*** Data for analysis Section Begins ***

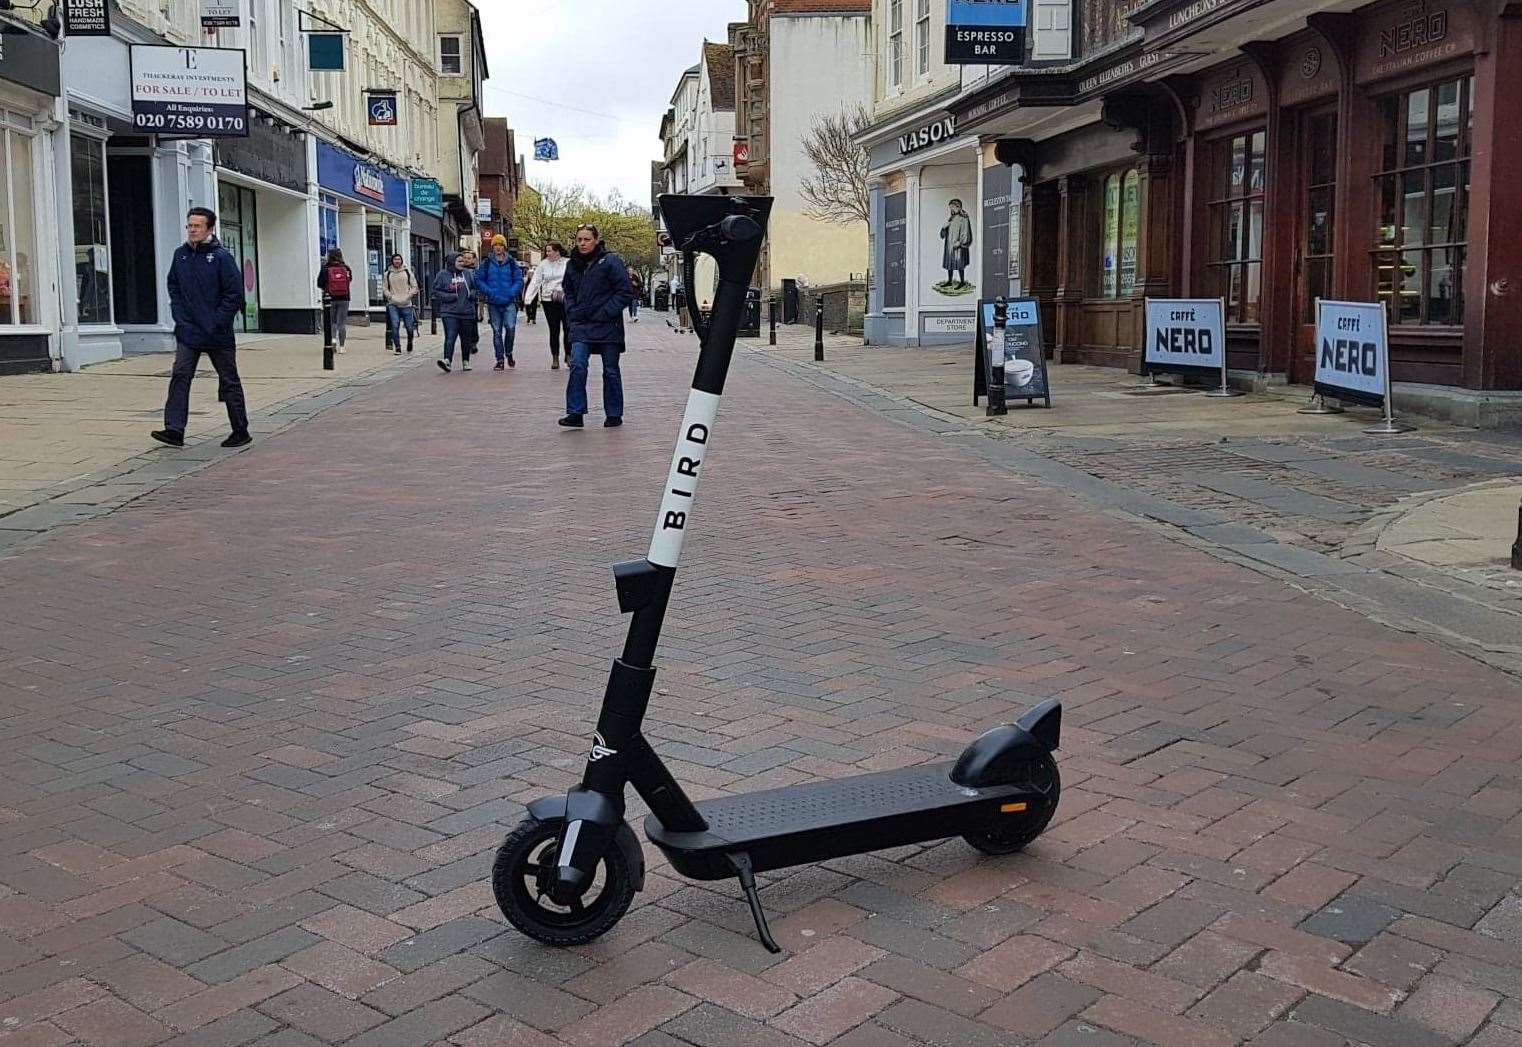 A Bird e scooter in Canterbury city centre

*** Data for analysis Section Ends ***
*** Data for analysis Section Begins ***

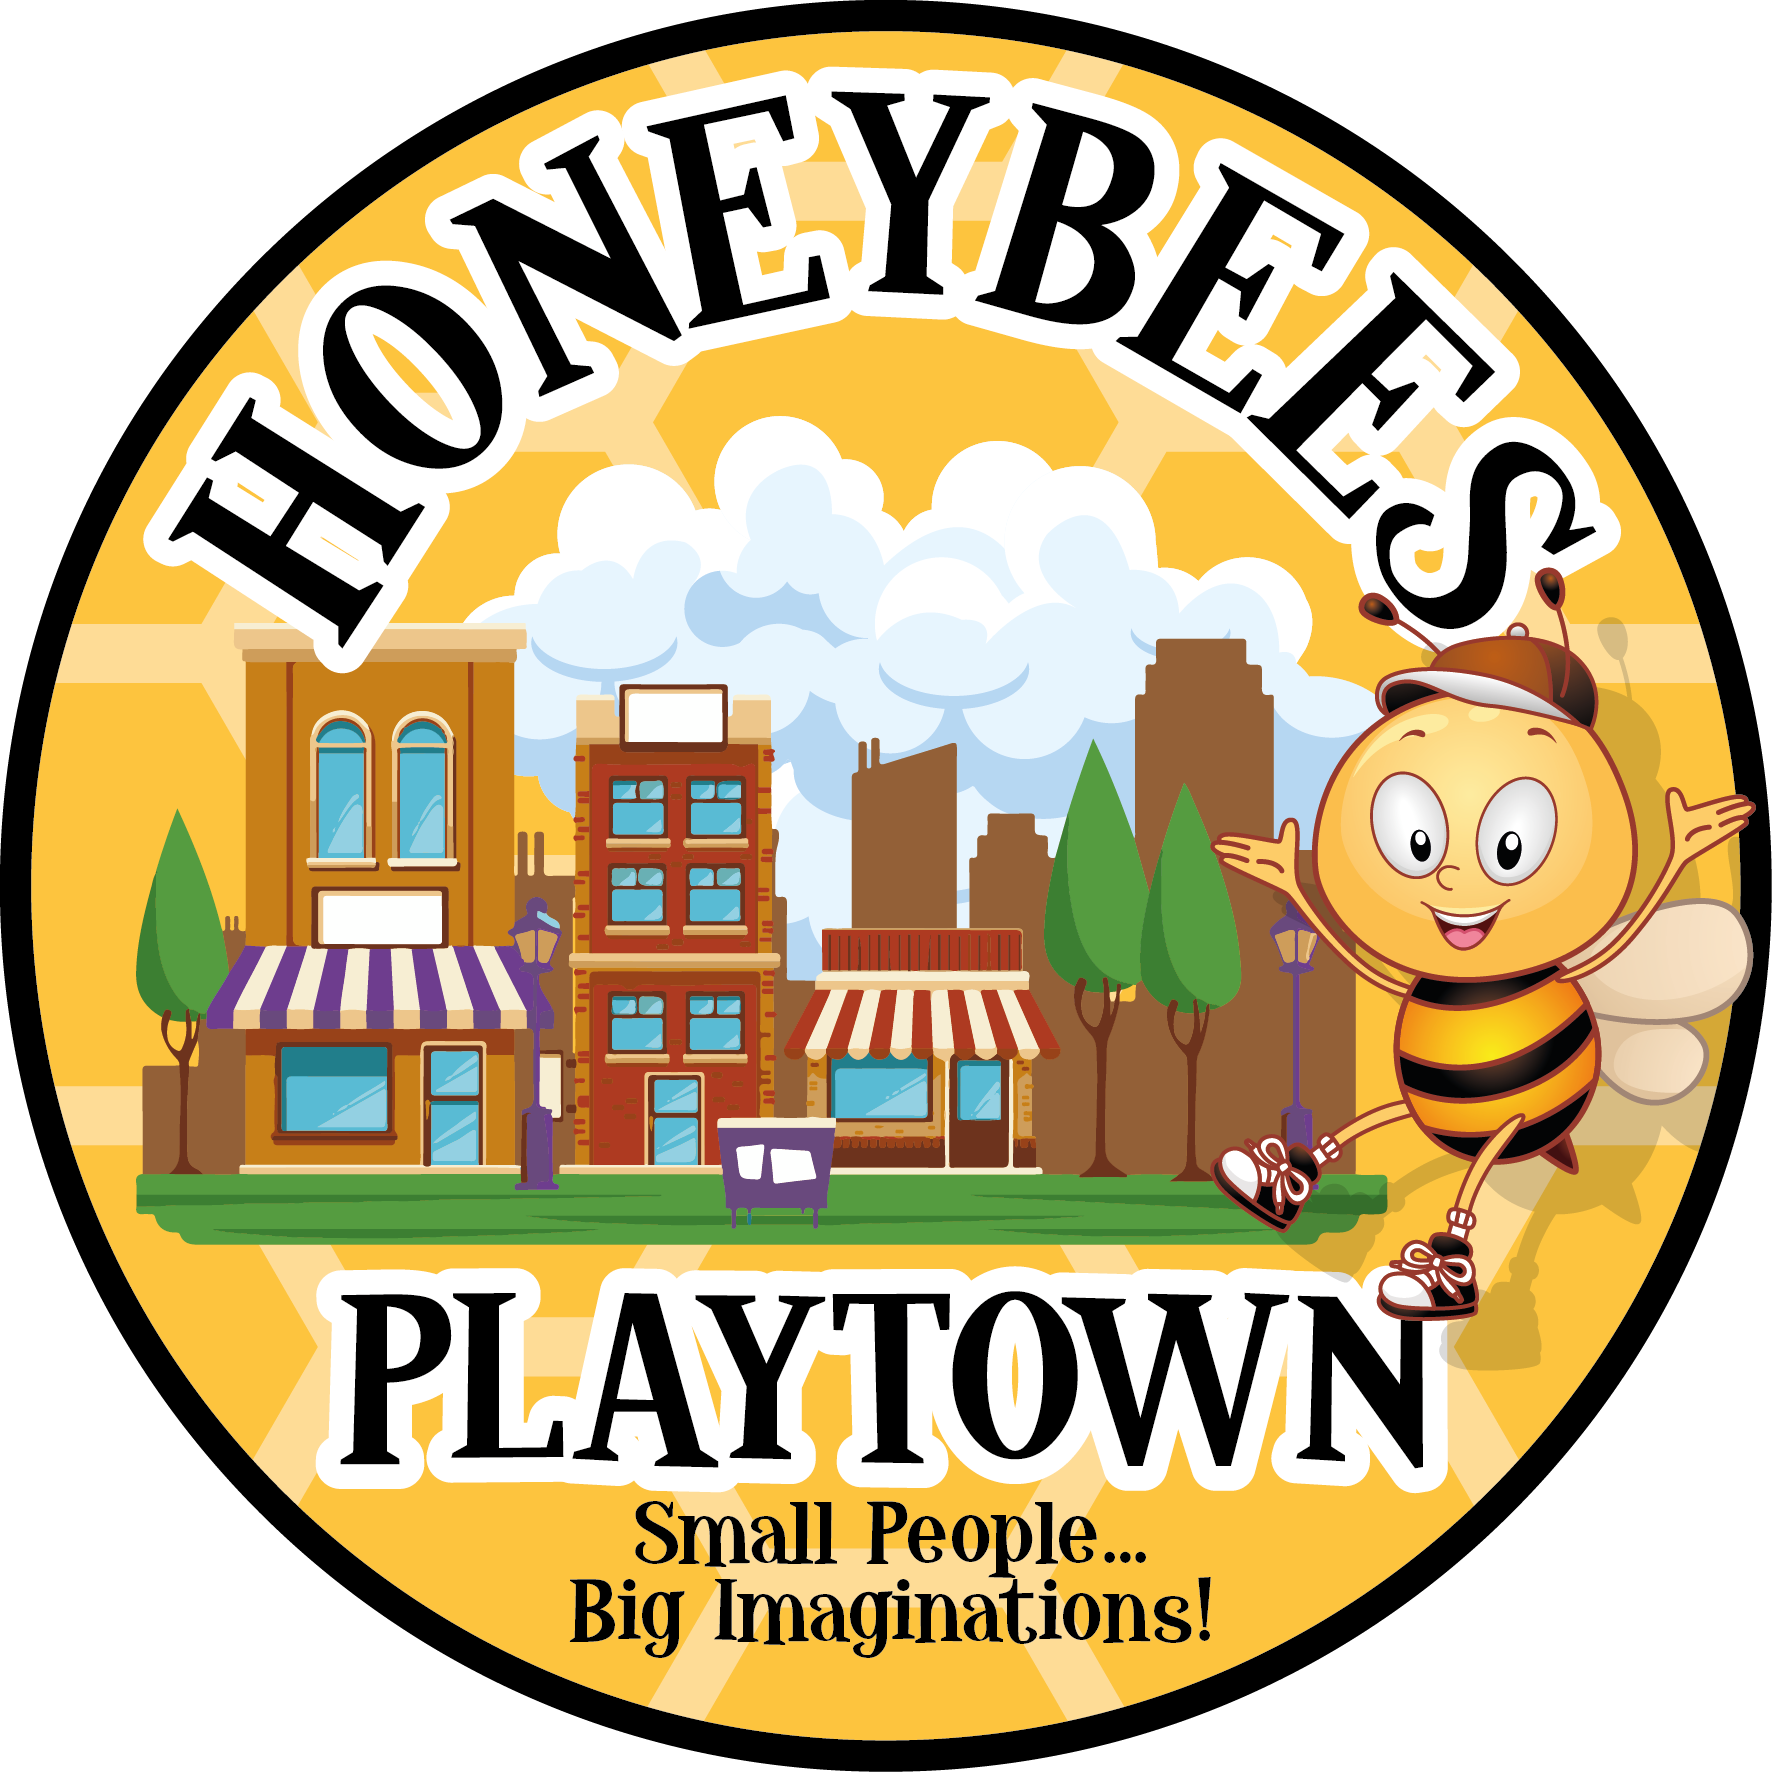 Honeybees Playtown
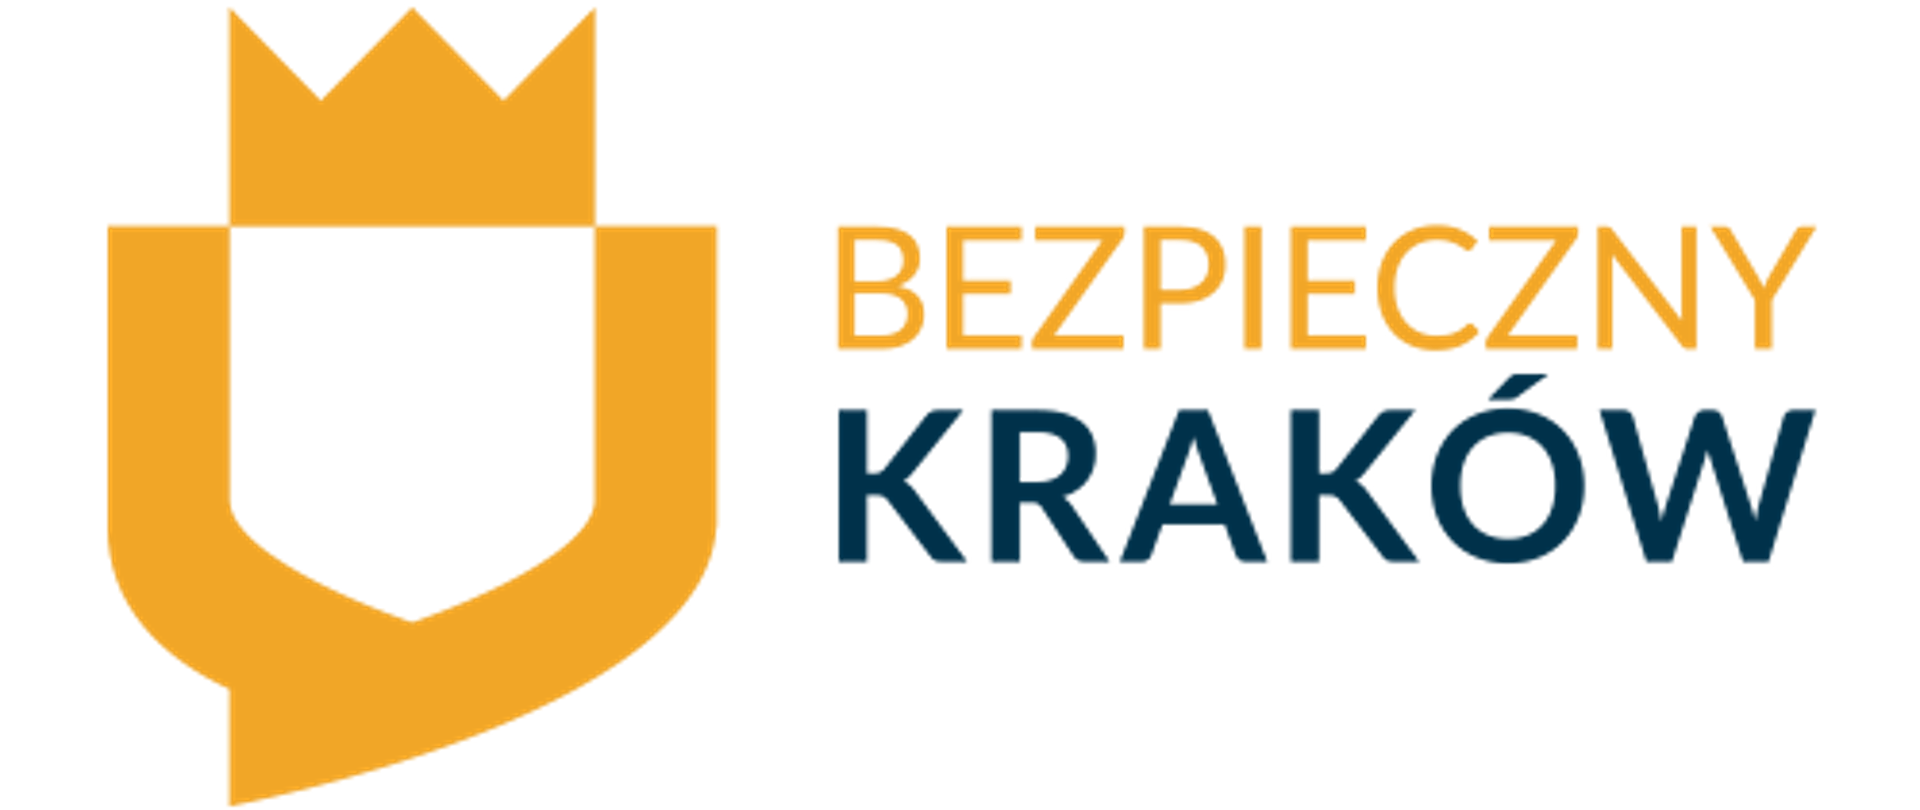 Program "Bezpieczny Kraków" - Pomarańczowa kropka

*** Data for analysis Section Ends ***

What the task requires.
Each line from the one that contains "Honeybees Playtown" down to the one that contains "- Pomarańczowa kropka" is to be returned exactly as it stands above, both ends included, with pictures removed.

Solution.
 Honeybees Playtown
 Program "Bezpieczny Kraków" - Pomarańczowa kropka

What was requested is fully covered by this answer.